Hydrocarbon EBITDA/boe at a given crude price increases by the company’s forecasted 20% over the 2022-23 period. The values in the model reflect both this margin expansion as well as the changes in crude price. We see that hydrocarbon EBITDA holds steady around $40 billion/year between 2024 and 2030 as improving margins offset the declining production. Convenience and Low Carbon EBITDA are little changed from the last model.
The model then translates total EBITDA to operating cash flow and net income. Capex has been increased to $17 billion in 2023 and $16 billion per year between 2024 and 2030. Depreciation increases slightly every year starting in 2024 due to the increased asset base. Effective tax rate has been increased to 40% due to the removal of lower-tax Rosneft from the mix. Interest expense is assumed to be 3% of debt, which is calculated based on cash generation and debt payoff each year.

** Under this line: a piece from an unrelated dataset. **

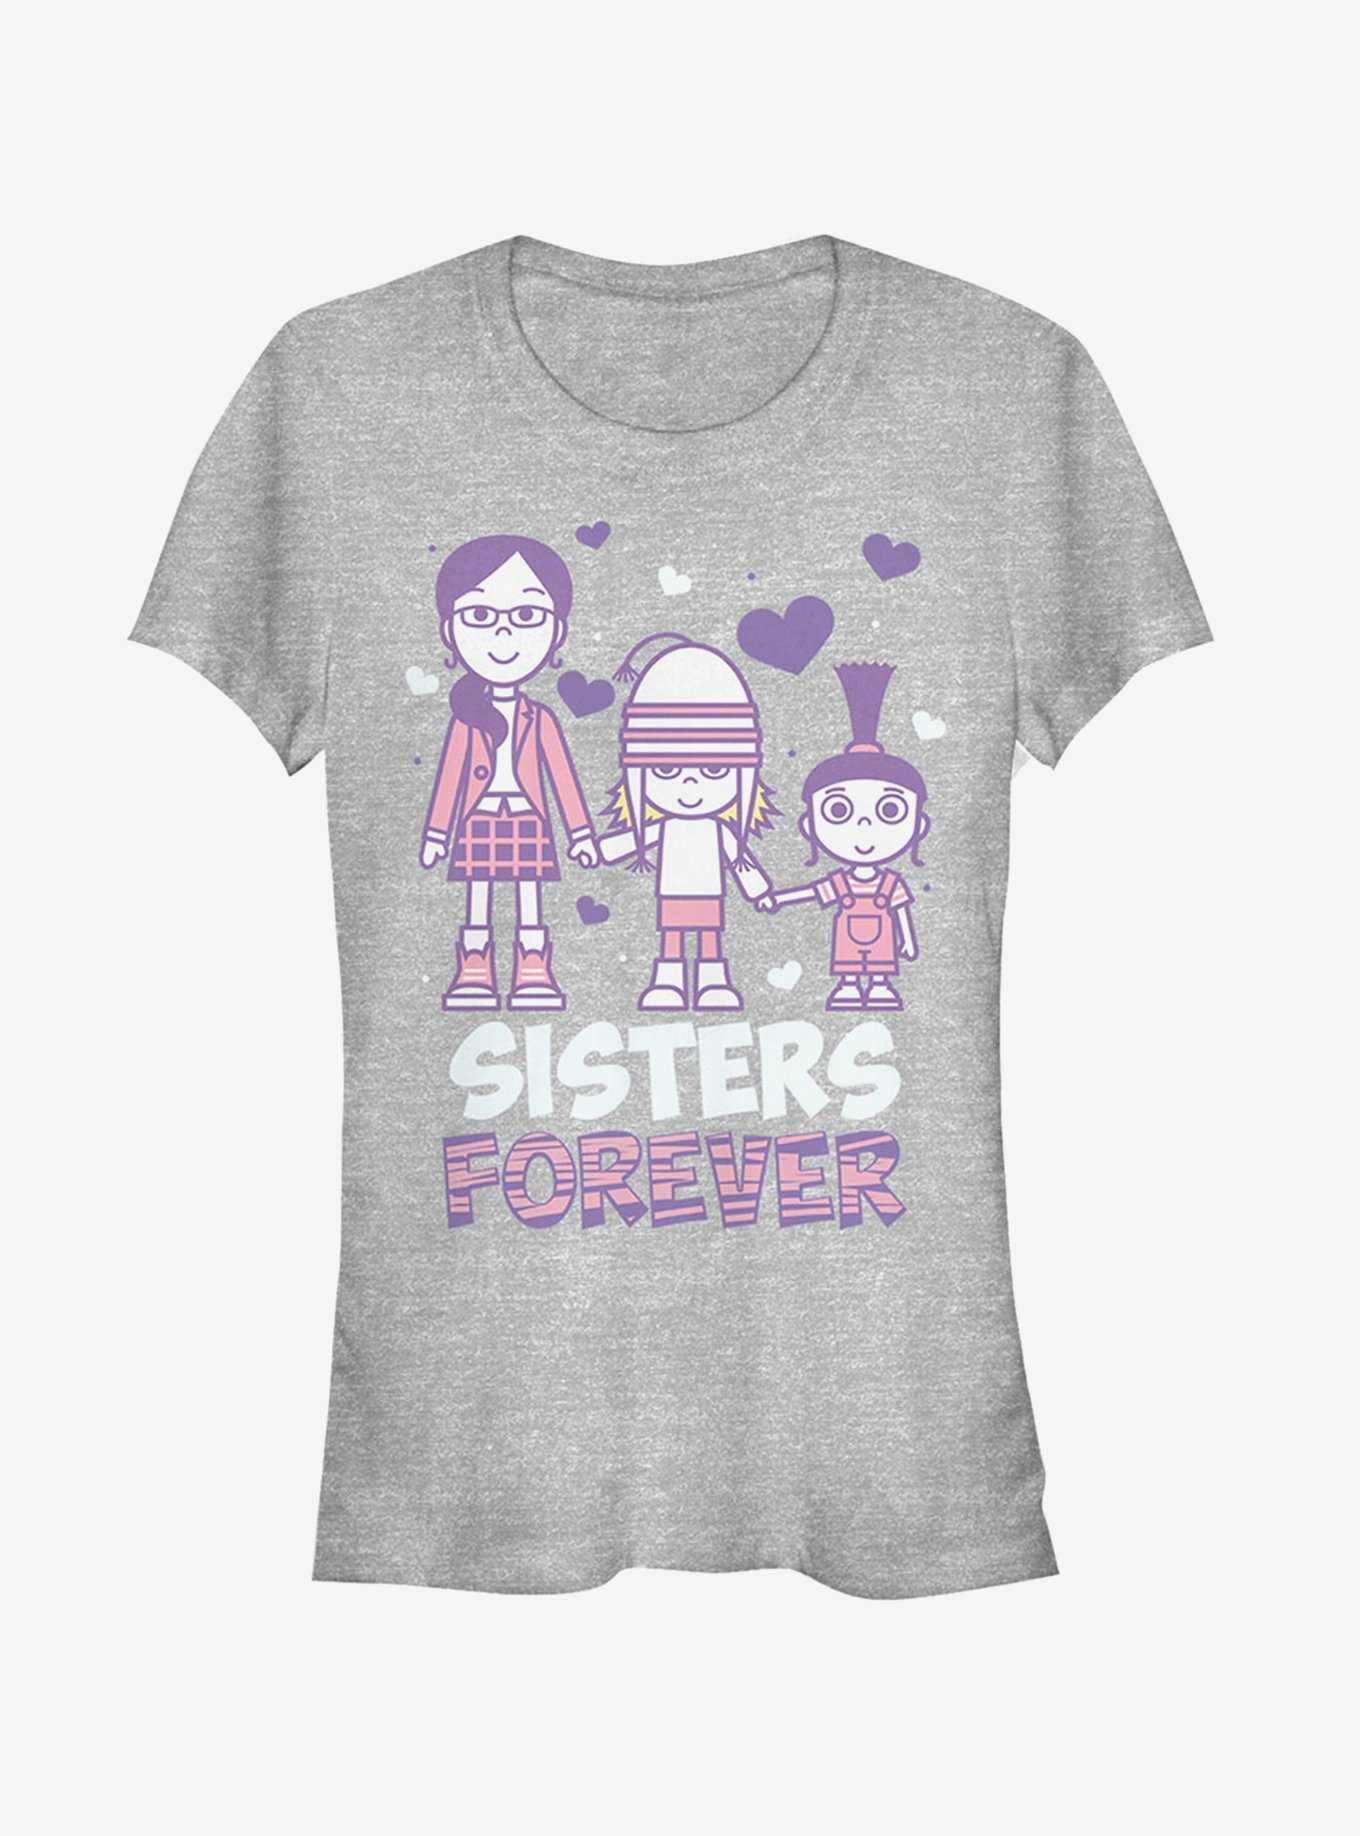 Despicable Me Sisters Forever Girls T-Shirt, , hi-res

Because of the rapidly declining share count at this price set due to buybacks, I have increased the annual dividend raise assumption to 10% from 4%. This is in line with the actual dividend raise in 2023 vs. 2022. The declining share count allows the total dollars of dividends paid to grow less than 4% per year even as the dividend per share increases at 10%. Free cash flow after dividends is split 60% to buybacks and 40% to debt reduction until net debt/(net debt+equity) ratio gets to around 0%, which would happen in 2027. Net debt assumes the company keeps $30 billion of cash on the balance sheet, in line with the last two years. In 2028, 40% of FCF goes to dividends, resulting in a large step-up in the dividend.

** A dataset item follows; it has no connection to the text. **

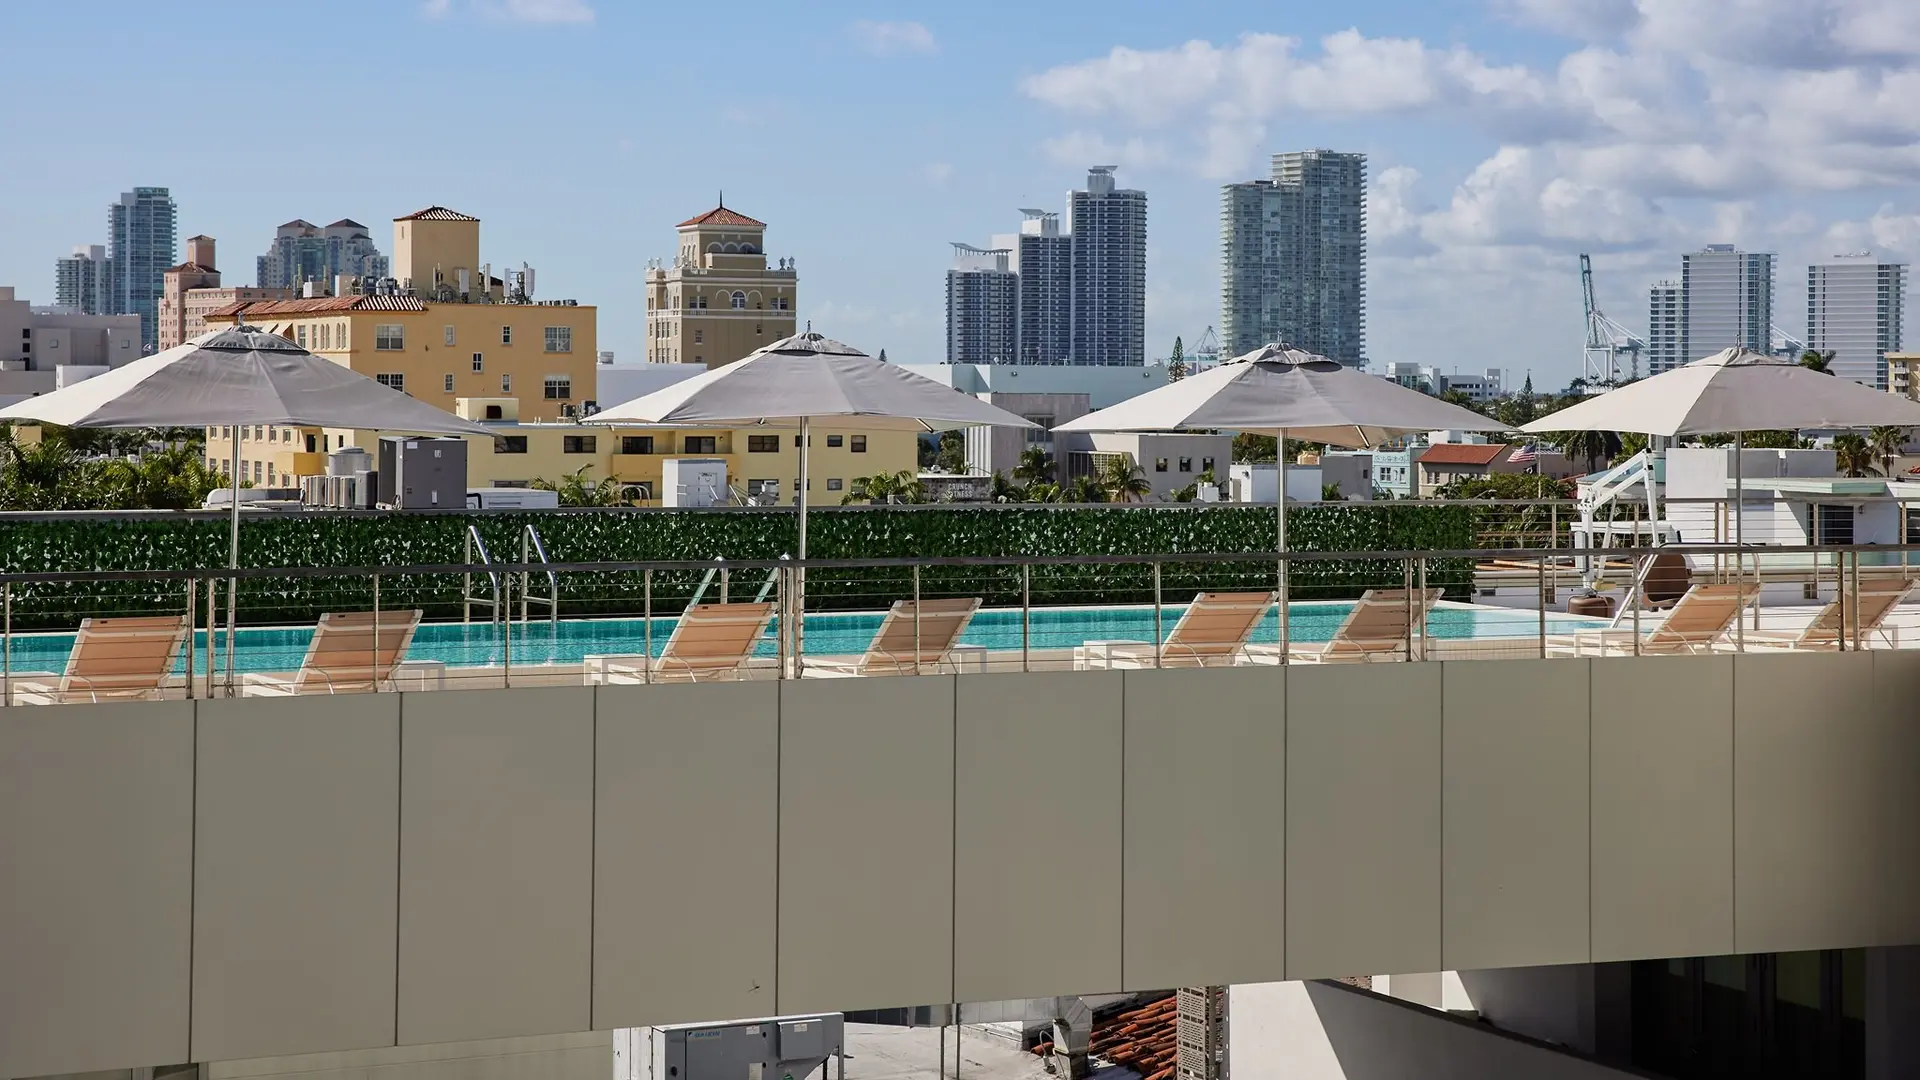 Hotel review Service & Facilities' - The Betsy Hotel, South Beach - 5

The model calculates a book value for the company each year by adding net income minus dividends and buybacks. It also calculates a share count from the buyback value. Finally, I estimate a price/book value for the company correlated to return on equity levels. This allows the share price to be estimated.
The results show that BP stock price more than doubles by 2030 to $76.58/ADS, an improvement from my last model result. Dividends grow much faster than in my last model. Total return comes out to 14.6% per year annualized. Net debt ratio hitting zero in 2026 allows for a large bump in the dividend in 2027 which would vault it past its pre-pandemic rate of $2.52 annually.
BP still holds about 2.09 billion Rosneft (OTC:RNFTF) shares representing 19.75% of the company. They are restricted from selling these shares on the Moscow Stock Exchange. BP is also entitled to dividends paid in rubles that cannot be transferred out of Russia. Any future resolution to the Russia Ukraine war could produce an unexpected windfall for BP. For now, however, with the outcome impossible to predict, Rosneft and the dividends to which BP is entitled are valued at zero.
Conclusion
BP has recognized the value in maintaining hydrocarbon production and focusing renewable investments where they can earn a decent return. With the planned $70 oil price set and the slower scale-down of oil and gas assets, BP’s earnings power from hydrocarbons looks steady through 2030. Low carbon investments, especially biofuels, EV charging, and hydrogen provide the growth on top of this base across the rest of the decade. Lower-returning wind and solar are still part of the portfolio but are deemphasized.
Beyond 2030, the picture could change if BP decides to continue reducing oil production and implementing more lower-returning projects. This latest strategy update provides some reassurance that the company is responsive to economic signals if the demand for oil and gas is still there. Until then, BP should be able to deliver a total return of 14.6% per year from operations combined with aggressive buybacks and a growing dividend.